Very Superstitious....


      Later Rincewind and Twoflower couldn't quite agree on any single fact about her, except that she had appeared to be beautiful (precisely what physical features made her beautiful they could not, definitively, state) and that she had green eyes. Not the pale green of ordinary eyes, either - these were the green of fresh emeralds and as iridescent as a dragonfly. And one of the few genuinely magical facts that Rincewind knew was that no god or goddess, contrary and volatile as they might be in all other respects, could change the colour or nature of their eyes...
      'L-' he began. She raised a hand.
      'You know that if you say my name I must depart,' she hissed. 'Surely you recall that I am the one goddess who comes only when not invoked?'
        - from The Colour of Magic, by Terry Pratchett


    I'll start out right from the front and say, very simply, yes, I'm superstitious. In many ways I'm very superstitious. I lit candles before some of the ACLS games. I've told the friend who led a baseball party in a prayer from Psalms before game three of the pennant series that he needs to keep looking through Psalms for next year's season. Or maybe other things, it might have been him reading that did it, and not the book in question. I don't know.

    Rituals are real, rituals have power. If someone stopped us from being able to do the little things that make us feel comfortable, we wouldn't do all we can do. This is another way superstition makes sense - if someone upsets a pre-game routine, it's entirely possible the player's game may be off, because that routine helped to serve as a focus, almost like a traditional mantra.

    Any tool used to focus is just that. A tool. Whether we call them superstitions or not, there are a lot of people in Boston who light those candles.

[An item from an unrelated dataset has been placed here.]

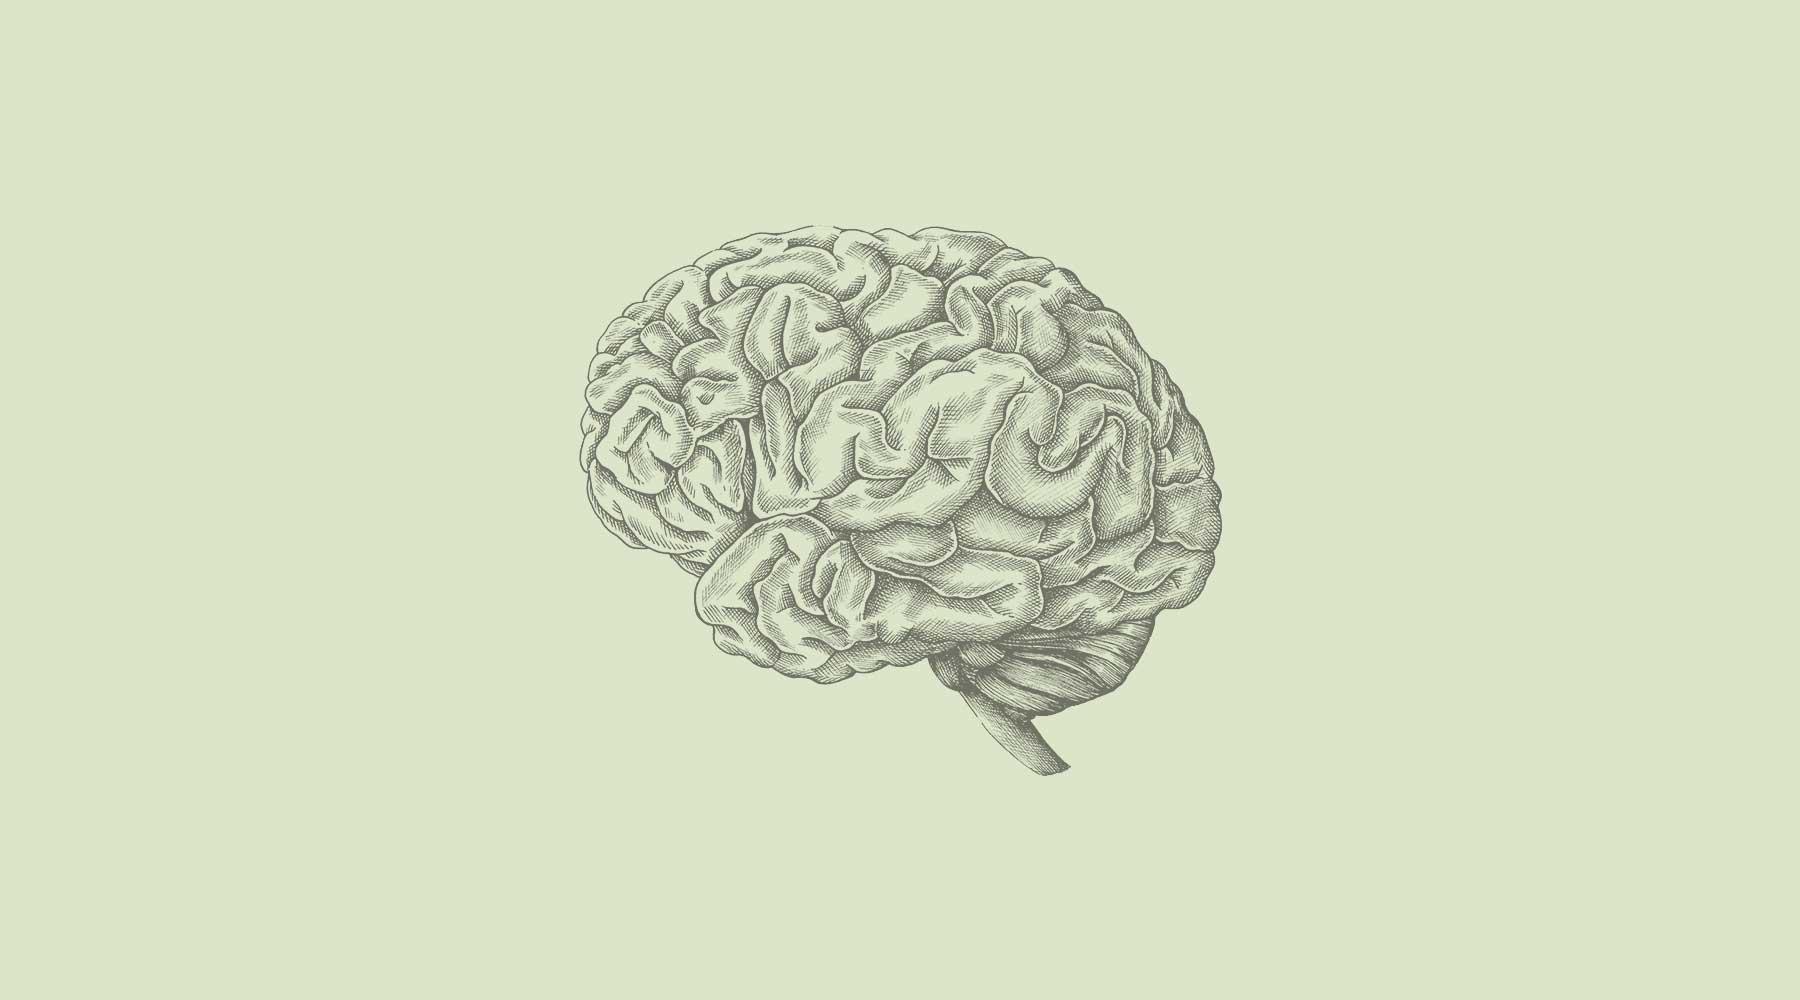 blog img migraine headaches brain alternative treatments

    But despite my weight of superstition, I don't believe in the Curse. At least, not in the way it's portrayed. Babe Ruth certainly was not the sort of player who would lay a curse upon the game he loved - for if the Curse exists, it certainly is a blight on the game of baseball, keeping the best teams from achieving what they should manage to achieve. No abstract lesser deities (or even greater deities) of baseball would blight that which is their demesne, either; after all, a harm to that which the gods look over is a harm, however indirectly, to the power of the gods.

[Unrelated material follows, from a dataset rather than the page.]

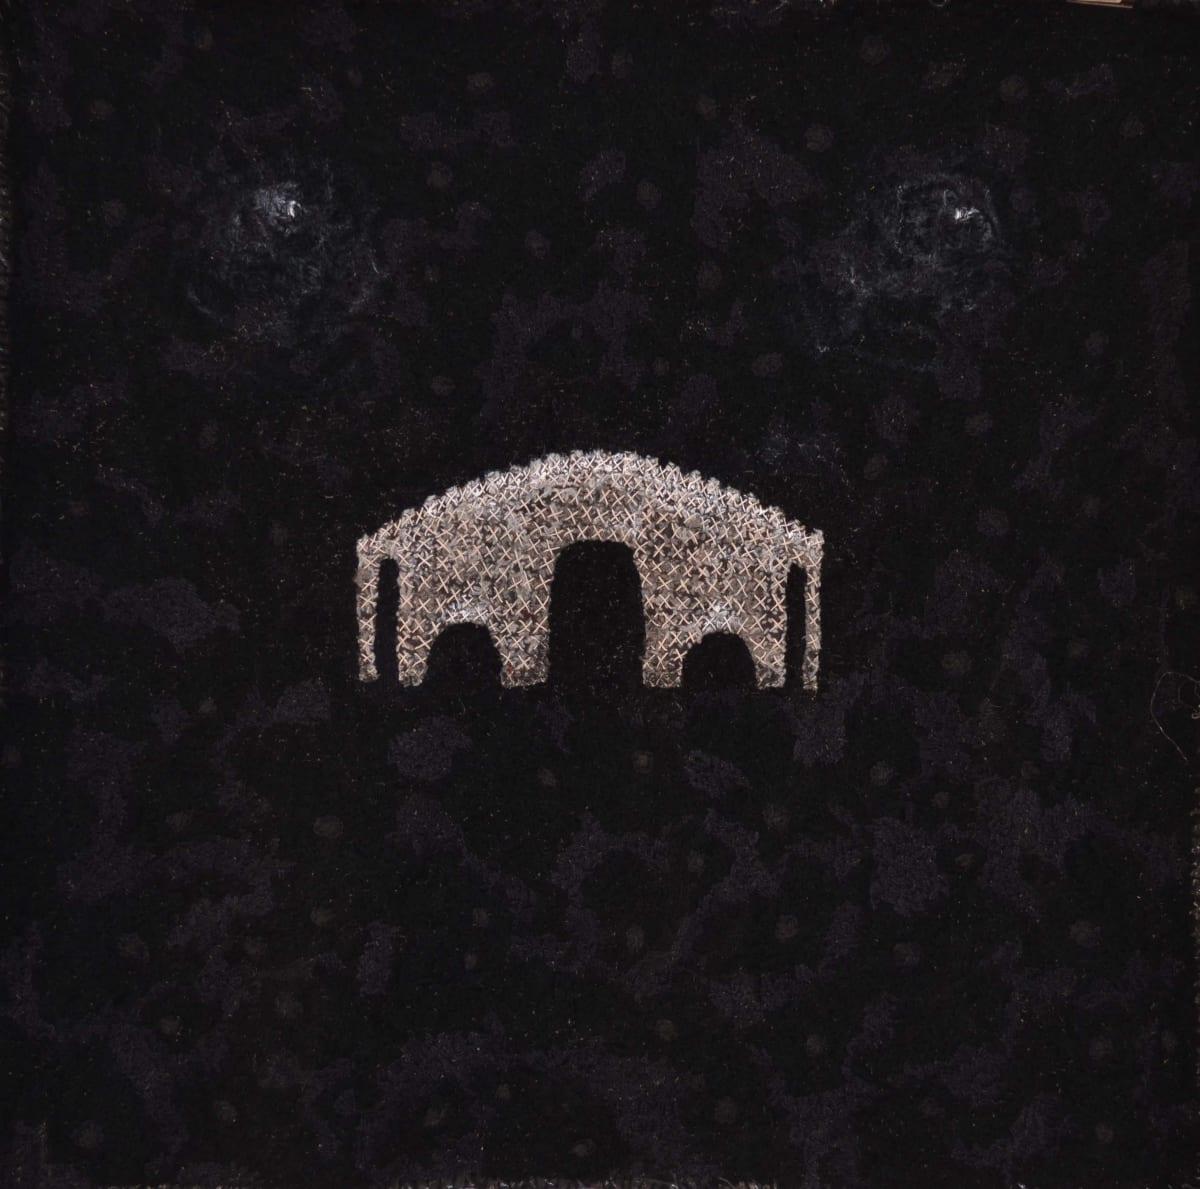 Stephen Eastaugh Bridge and Black Holes (Norway) acrylic, thread, linen 140 x 130 cm

    There is no Curse. There is a long string of things which... wouldn't have happened in an ideal ballgame, yes. Perhaps there is an explanation for them. Perhaps there is not. But continuing to worry over the mythological Curse is only going to give it some great epic significance, tilting chance a little more negative in those moments we are expecting to have our hearts broken, as fans. I don't believe in the Curse - I do believe in the power of belief and expectation to change reality. (Hence, superstitious.)

    The mythical Curse is not the vengeful Bambino looking over our shoulders and nudging those hopping balls once way or another, to miss a bat or miss a glove. It is not the vengeful spirits governing baseball's continuing hatred of No, No, Nanette. The Curse is truly that we, the fans, the people whose prayers and wishes and dreams have the greatest effect on the factor of chance, positive or negative, secretly expect to be let down. We all know that the Sox hold out hope to us, and then we lose it. It's a joke I've made, though my New Years' Resolution for this year (two months early) is not to speak that joke again, nor to think of it if I can help it. We expect it - despite all hope and prayer, deep down we know that someone, at a critical moment, is going to literally drop the ball.

    And when it happens - there's the Curse again.

    This season, we said we believe. Let's truly believe, now, because our boys of summer deserve better of us than to 'know' they won't pull through in the crunch. We've seen them come from behind more times than we can count. We've seen them hold a lead. We've seen them knock the sox off the opposition. We've seen close games, we've seen wide gaps. But we haven't seen a team that was beaten - or as it was eloquently put after the fifth game of the pennant - "We didn't lose. We just didn't play good enough to win."

    And we need to stop wishing them luck! I will never, ever, if I ever get a chance to speak to one of the players - and I'm hoping to infest Fenway constantly next season to make up for the years I've lived up here that I didn't go to games - I will never wish him luck. Asking that green-eyed lady to put in an appearance makes certain that she doesn't. (Hence, the quote above.)

    I'm not gonna say what I will wish them, either. It's my well-wishing, and I don't want it diluted by everyone using it. That's my superstition, and I'm not going to talk about it. It's bad luck.


    Footnote addendum: I was thinking a lot about this at one point when there was an ongoing discussion about who the Sox might have available for trading, and who the Sox might get in return. For a while, one of the names that popped up relatively frequently on the 'maybe trade...' list was Trot Nixon.

    And the little superstitious bugbear that governs portions of my sense of baseball started pulling its fur out. After a while, I finally piped up and said, "I'm superstitious, yes. But don't even think of trading Trot. He's lucky. We all saw how Game 4 of the ALCS went, when he didn't play."

    I don't think anyone suggested trading him after that; when a list of tradables surfaced later in discussion, he wasn't even in the list of 'trade only in a blockbuster'. This amused me immensely.

    There was actually a single event that made me decide that Trot Nixon is so blessed. It was a fly ball, a floater, to short right; Offerman was backing to field it, Nixon was coming in to field it. It looked like a collision in the making. Nixon looks up, stops, just as Offerman realizes that he's there and stops - and while he's looking up at the second baseman, the ball lands neatly in Nixon's glove.

    I'll never forget the joyous look of wonder on his face as he looked down at the glove, and then raised it to rest against his chin. It was magical.